Duque

Personal information
- Full name: Davi Ferreira
- Date of birth: 15 May 1926
- Place of birth: Belo Horizonte, Brazil
- Date of death: 16 July 2017 (aged 91)
- Place of death: Rio de Janeiro, Brazil
- Position: Defender

Youth career
- Cruzeiro

Senior career*
- Years: Team / Apps / (Gls)
- 1946–1952: Cruzeiro / 127 / (0)
- 1953–1954: Vasco da Gama
- 1955–1956: Canto do Rio
- 1956: Fluminense / 67 / (0)

Managerial career
- 1962–1968: Náutico
- 1969: Bonsucesso
- 1969–1971: Santa Cruz
- 1972: Corinthians
- 1972: América Mineiro
- 1973–1974: Fluminense
- 1975: Sport Recife
- 1976–1977: Corinthians
- 1978: Náutico
- 1979: Muharraq
- 1980: Santa Cruz
- 1980: Bahia
- 1981: Olaria
- 1982: América Mineiro
- 1984: Ivory Coast
- 1986: Confiança
- 1990: Cruzeiro
- 1991–1992: Muharraq

= Duque (footballer) =

Brazilian footballer

Davi Ferreira (15 May 1926 – 16 July 2017), better known as Duque, was a Brazilian professional footballer and manager, who played as a defender.

==Playing career==

Formed in Cruzeiro's youth categories, Duque played as a defender.
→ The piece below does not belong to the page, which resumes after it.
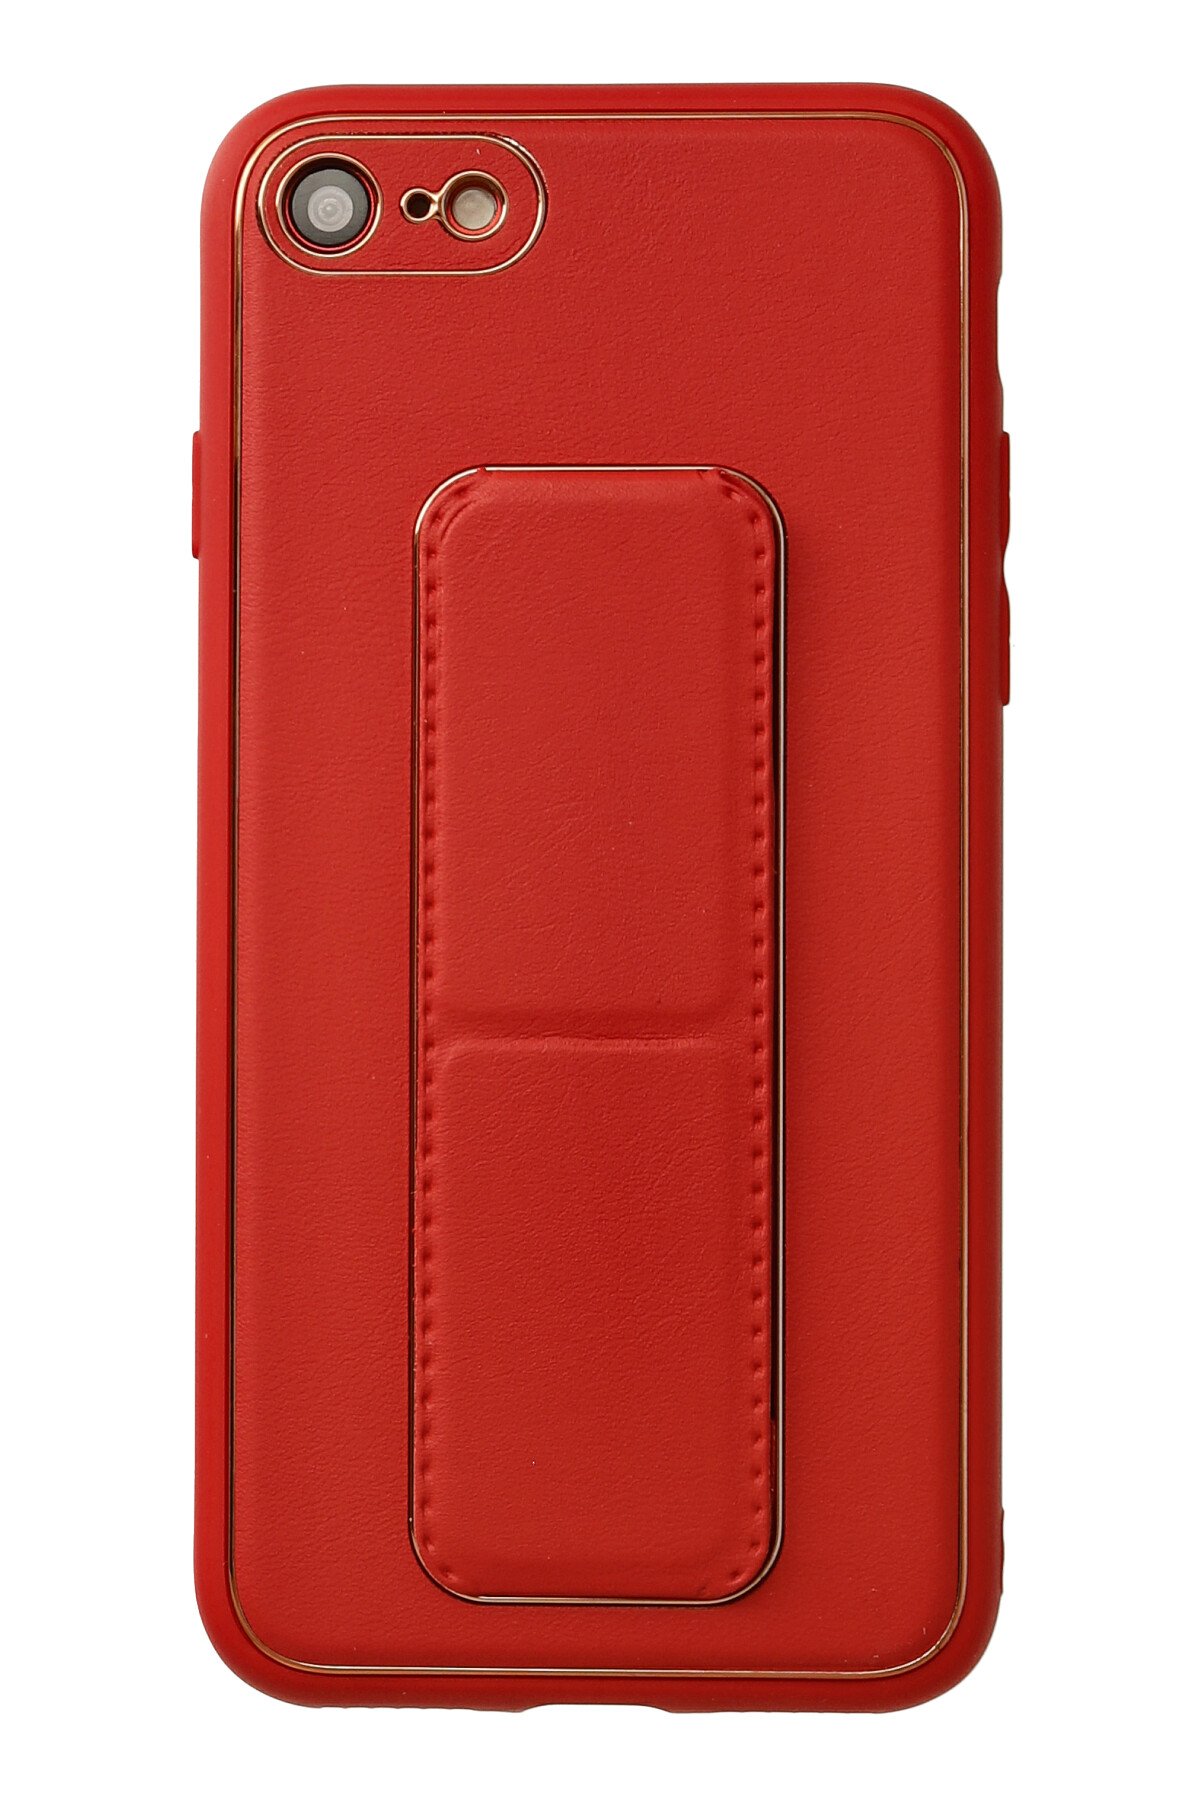 Newface iPhone 7 Kılıf Zuma Kartvizitli Yüzüklü Silikon - Kırmızı

He made 127 appearances for Cruzeiro from 1946 to 1952, in addition to playing for Vasco da Gama, Fluminense and Canto do Rio.

==Managerial career==

As coach Duque was responsible for commanding what is considered the best Náutico team in history, four times state champion and runner-up in the Taça Brasil. He was also champion two times with Santa Cruz, as well as Campeonato Carioca champion in 1973 with Fluminense. In 1976 he was runner-up again, this time with Corinthians in the Brazilian Championship. In 1981 he won the first edition of Campeonato Brasileiro Série C, the Taça de Bronze, with Olaria, in addition to winning the Bahrain league with Muharraq SC.

==Honours==

===Manager===

- Náutico
- Campeonato Pernambucano: 1964, 1966, 1967, 1968

- Santa Cruz
- Campeonato Pernambucano: 1970, 1971

- Fluminense
- Campeonato Carioca: 1973

- Sport
- Campeonato Pernambucano: 1975

- Olaria
- Campeonato Brasileiro Série C: 1981

- Muharraq
- Bahraini Premier League: 1991–92

==Death==

Duque died at the age of 91 on 16 July 2017 in the city of Rio de Janeiro.